You get pressure from running a peristaltic pump on the intake side with a rolling clamp restrictor on the retentate side to increase transmembrane pressure, you monitor the cross membrane pressure using a pressure detector and three pressure probes. You don’t really see pressures higher than 30 psi using a peristaltic pump. I’m sure one could change out the membranes and run higher pressure, but I have not.
What was the pressure fluctuation threshold before you saw jumps that affected permeation? Trying to decide whether or not to pursue using this pneumatic microfluidizer pump for these purposes.
The ability to MacGyver household items has always been extremely impressive to me the fact that you guys can do this with analytical chemistry equipment blows my mind
I saw some interest expressed in the other thread about palladium-impregnated membranes for hydrogenation and dehydrogenation.
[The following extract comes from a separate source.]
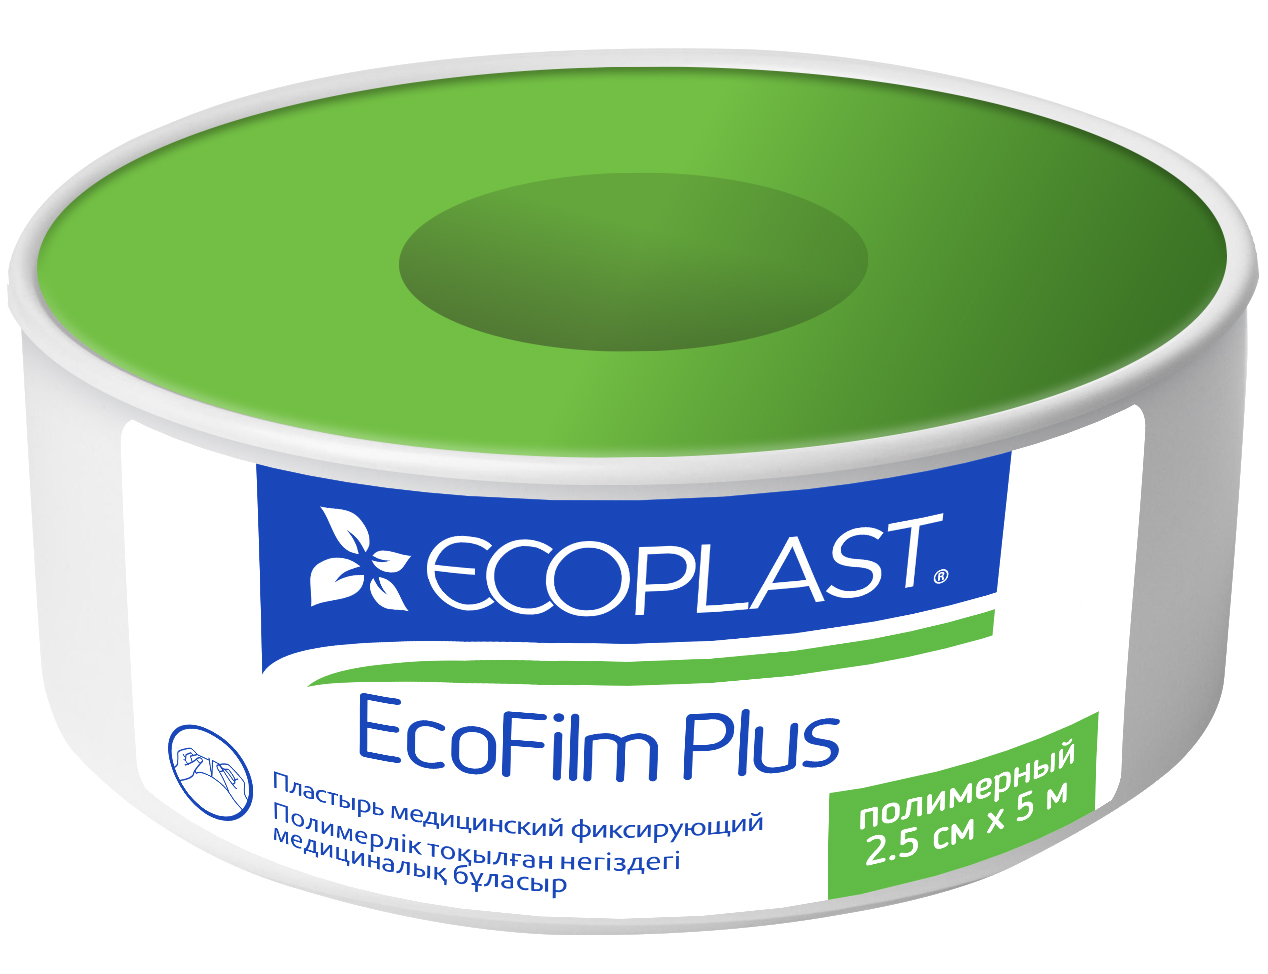 EP Пластырь мед фикс полимер EcoFilm plus 2,5см х 5м

I can’t offer particular guidance on how to implement this.
However, if someone does want to try it out. “Media and Process Company” is a good vendor who makes these sorts of catalytic membranes.
Yeah, folks could do that…how is it better than contacting Media And Processing Company (http://www.mediaandprocess.com/) and asking them for a quote?!?
Are inopor ceramics proven superior?
Suggesting that you personally dont have data on the relative efficiencies…
Edit: yeah “media and process company” sounds like a Chinese vendor. I believe @MagisterChemist was trying to point us at Media and Process Technology.